Plt Kepala Disdikbud Parimo, Sunarti (Foto : Istimewa)

PARIMO, parimoaktual.com Dinas Pendidikan dan Kebudayaan (Disdikbud) Kabupaten Parigi Moutong (Parimo) menegaskan akan memberikan penilaian Sasaran Kinerja Pegawai (SKP) di bawah ekspektasi kepada kepala satuan pendidikan yang tidak memperbaiki dan menyelesaikan laporan pertanggungjawaban (LPJ) pengelolaan Dana Bantuan Operasional Sekolah (BOS).

Penegasan tersebut disampaikan Plt Kepala Disdikbud Parimo, Sunarti, saat membuka kegiatan Bimbingan Teknis (Bimtek) penyusunan Rencana Kegiatan dan Anggaran Sekolah (RKAS) serta sosialisasi petunjuk teknis (juknis) Dana BOS yang digelar di Aula Disdikbud Parimo.

“Ini harus menjadi perhatian bersama, karena sudah ada kepala sekolah yang mendapatkan penilaian SKP di bawah ekspektasi akibat tidak menyelesaikan laporan pengelolaan dana BOS,” ujar Sunarti, Rabu, (4/3/2026).
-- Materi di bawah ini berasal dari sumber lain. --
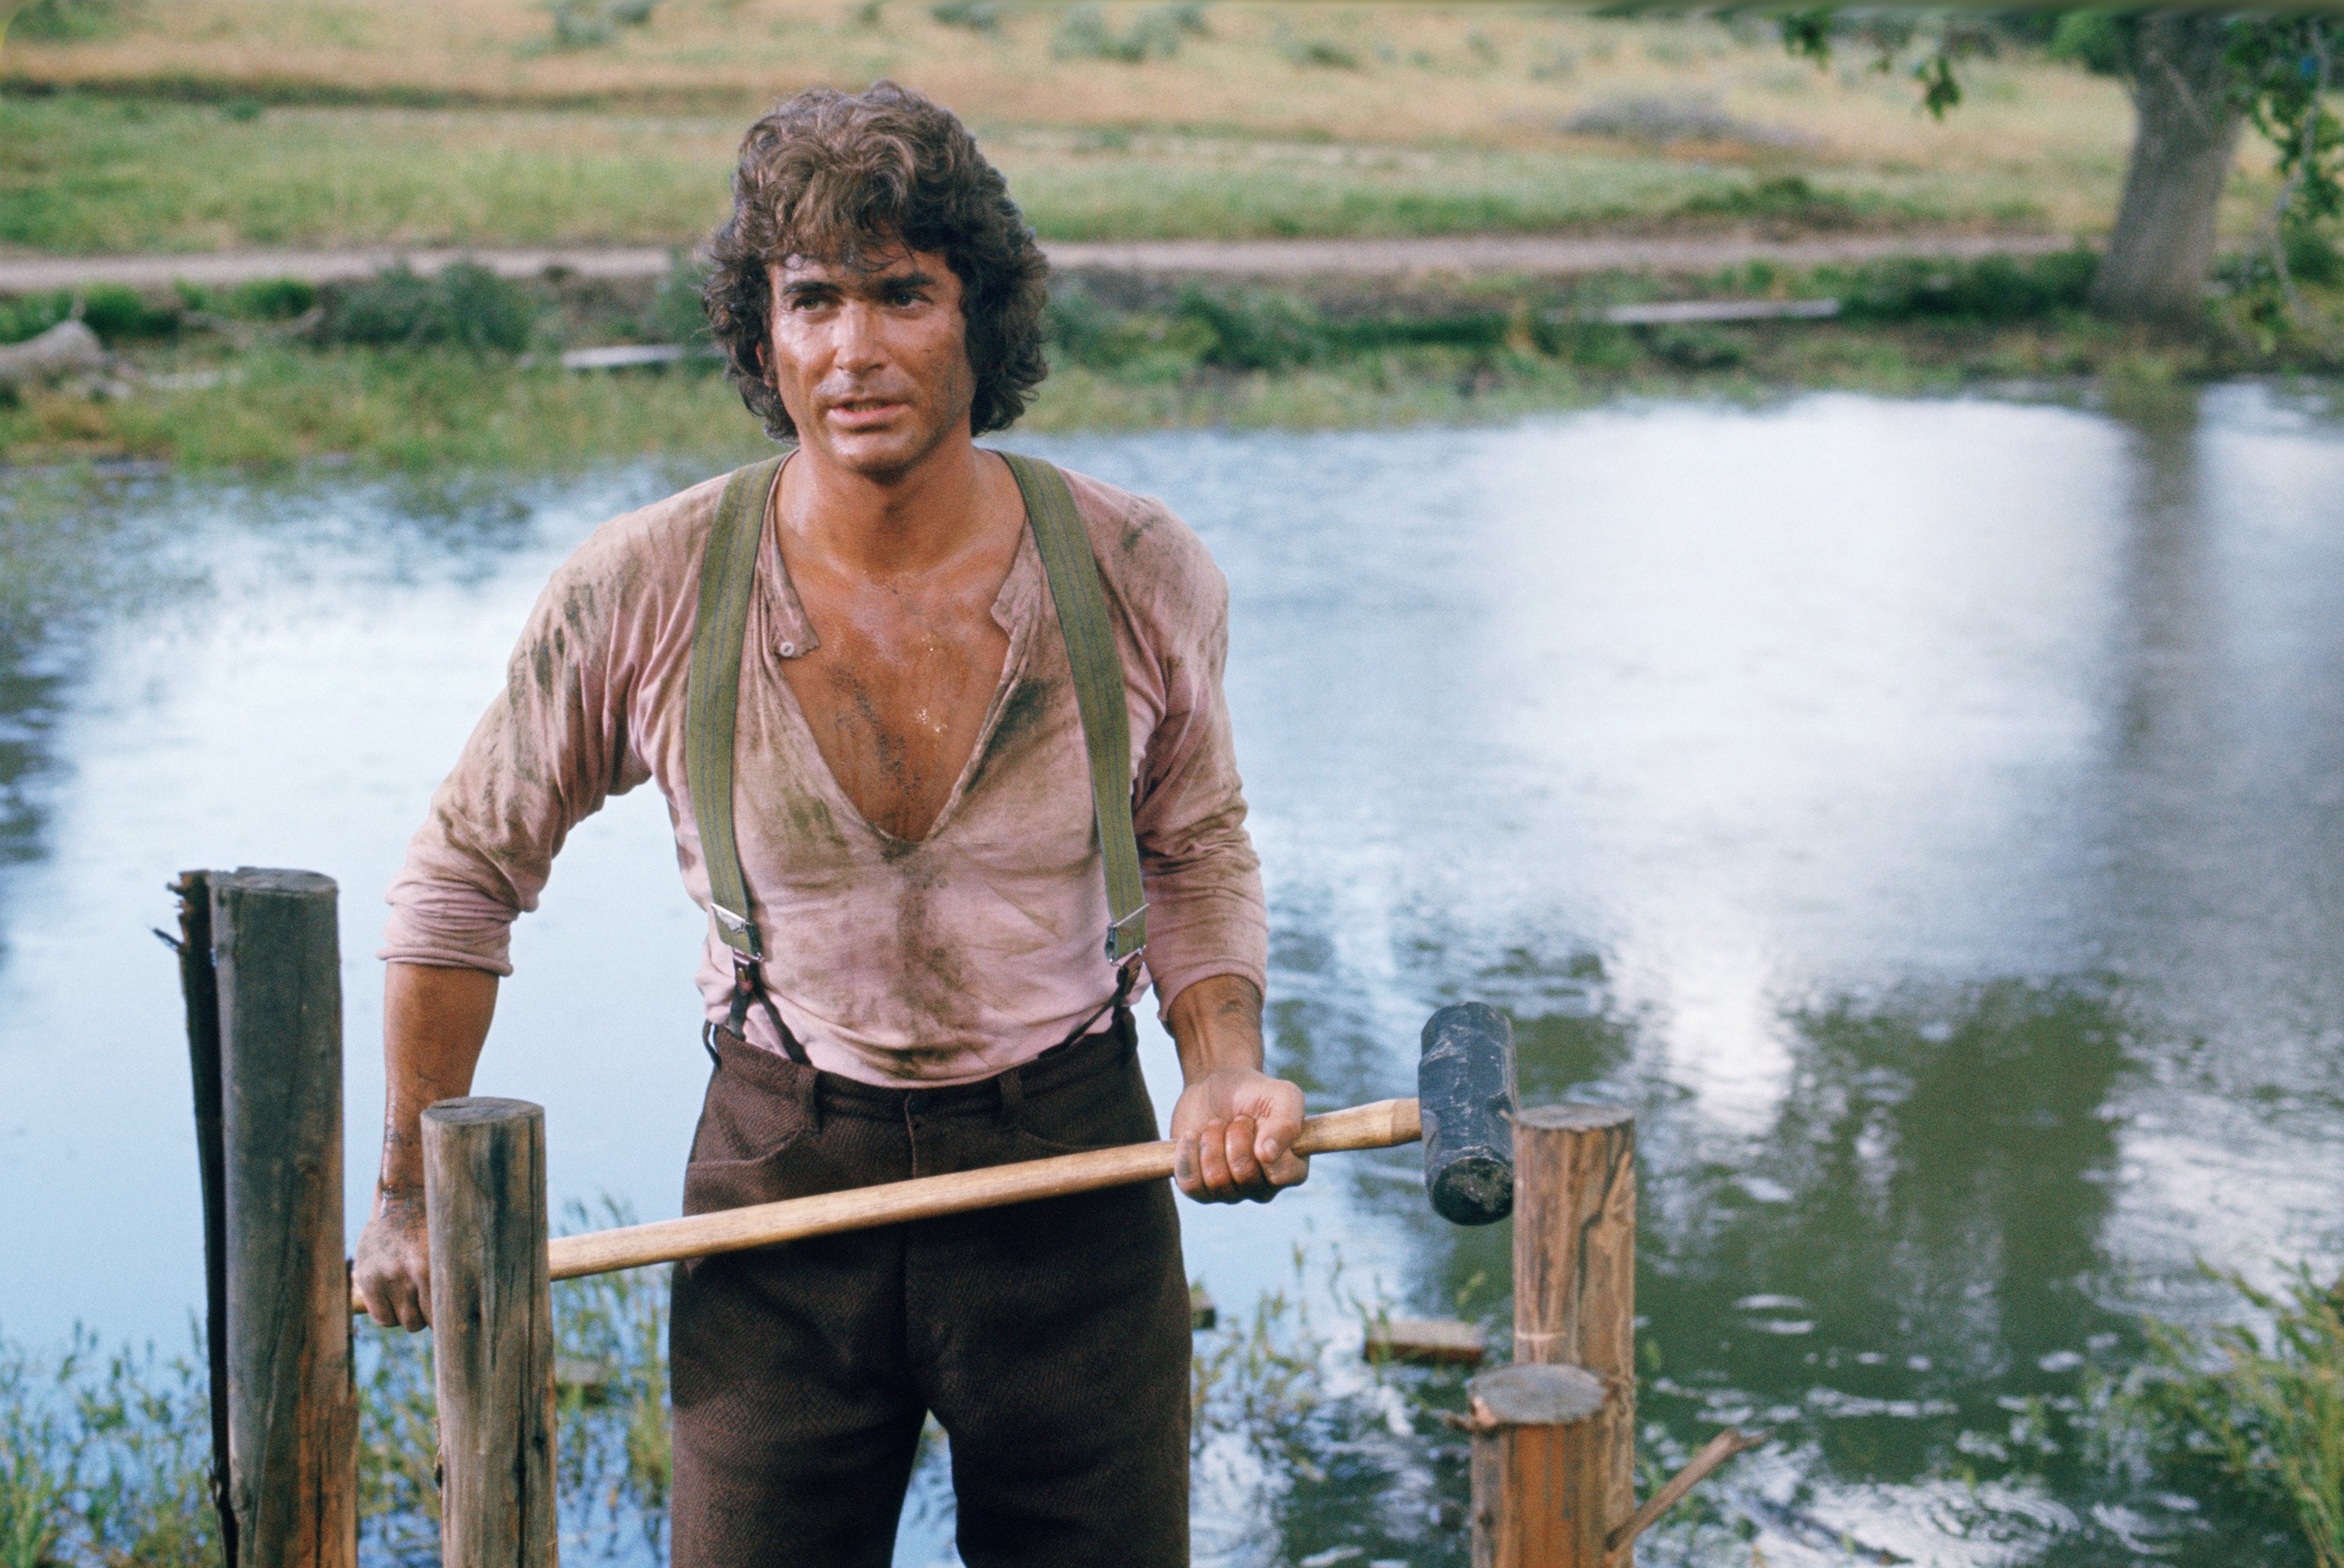 Michael Landon as Charles Ingalls on Little House on the Prairie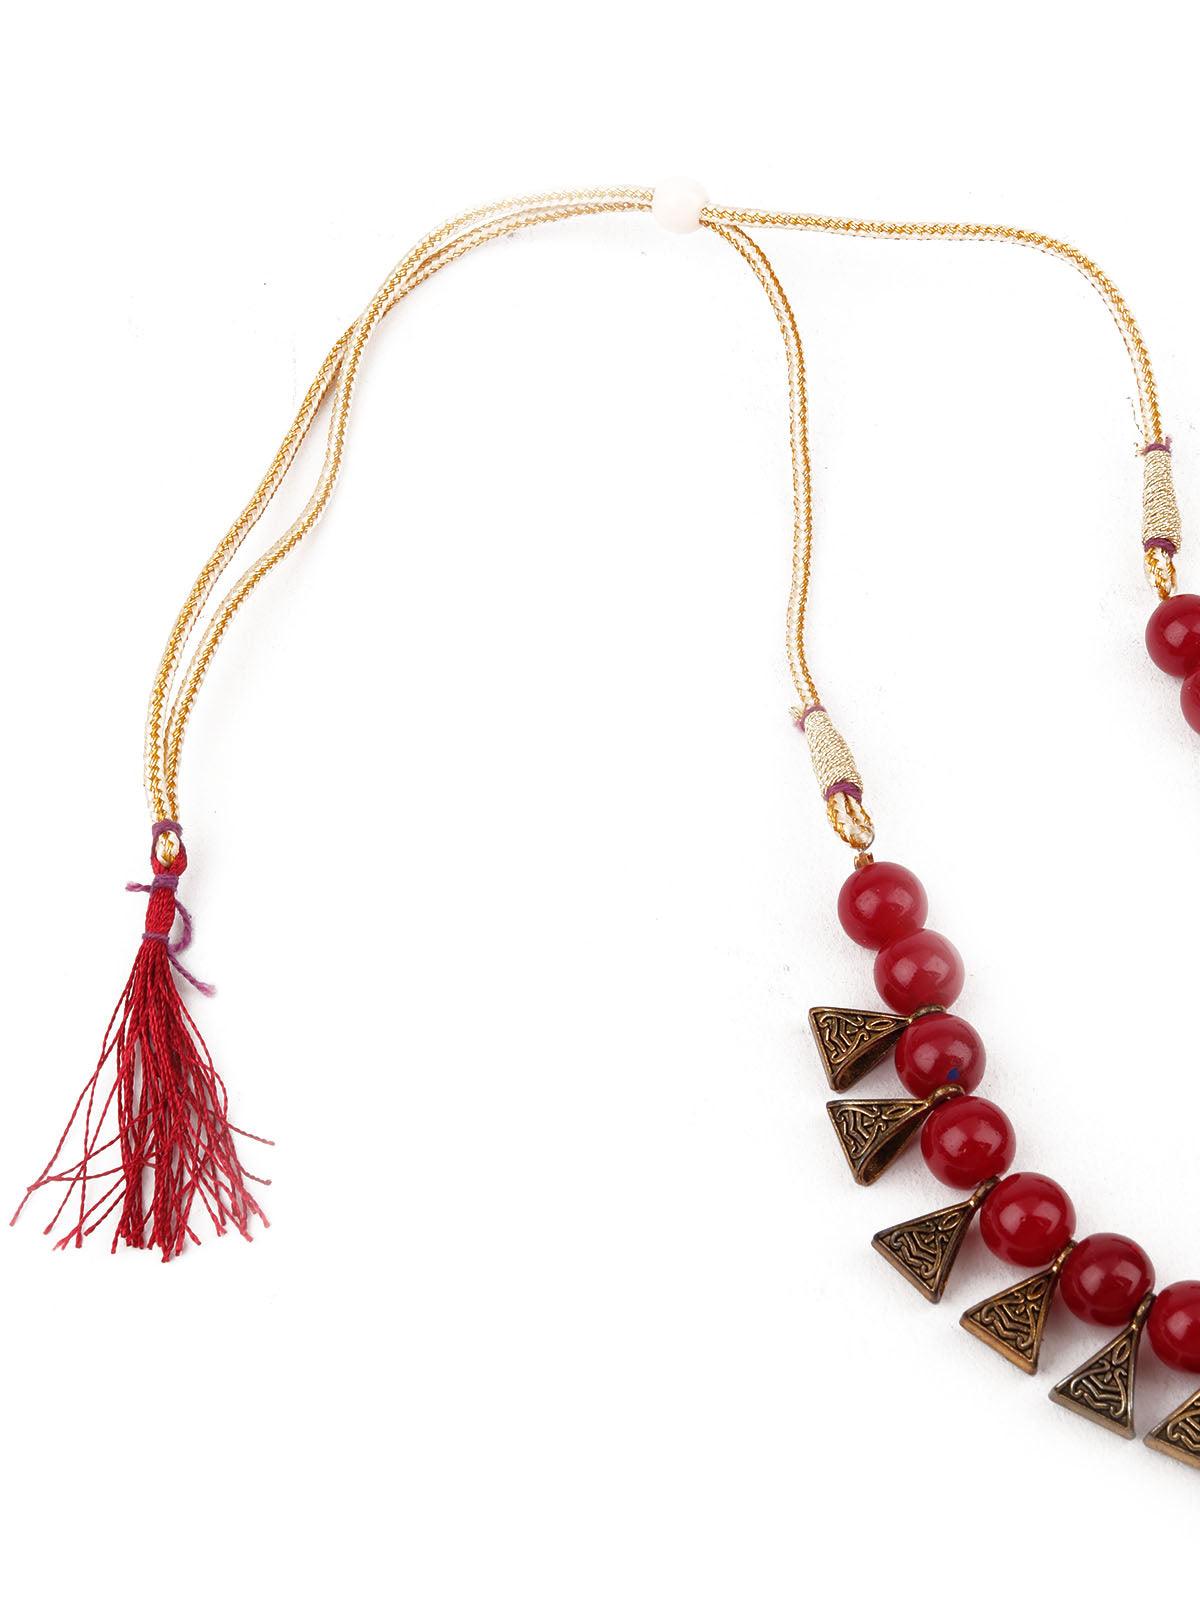 Women's Red And Gold Tribal Long Neckpiece - Odette

Ia menjelaskan, pemberian nilai SKP di bawah ekspektasi memiliki dasar yang jelas, salah satunya karena ketidakpatuhan kepala satuan pendidikan dalam menyampaikan LPJ pengelolaan keuangan Dana BOS meskipun telah beberapa kali diberikan teguran oleh pihak dinas.

Menurutnya, penilaian tersebut tentu berdampak pada karier aparatur yang bersangkutan, termasuk kemungkinan tertundanya proses kenaikan pangkat bagi kepala satuan pendidikan yang tidak memenuhi standar kinerja.

“Pemberian penilaian tersebut murni karena buruknya kinerja dalam pengelolaan administrasi dan keuangan sekolah, bukan karena persoalan pribadi,” tegasnya.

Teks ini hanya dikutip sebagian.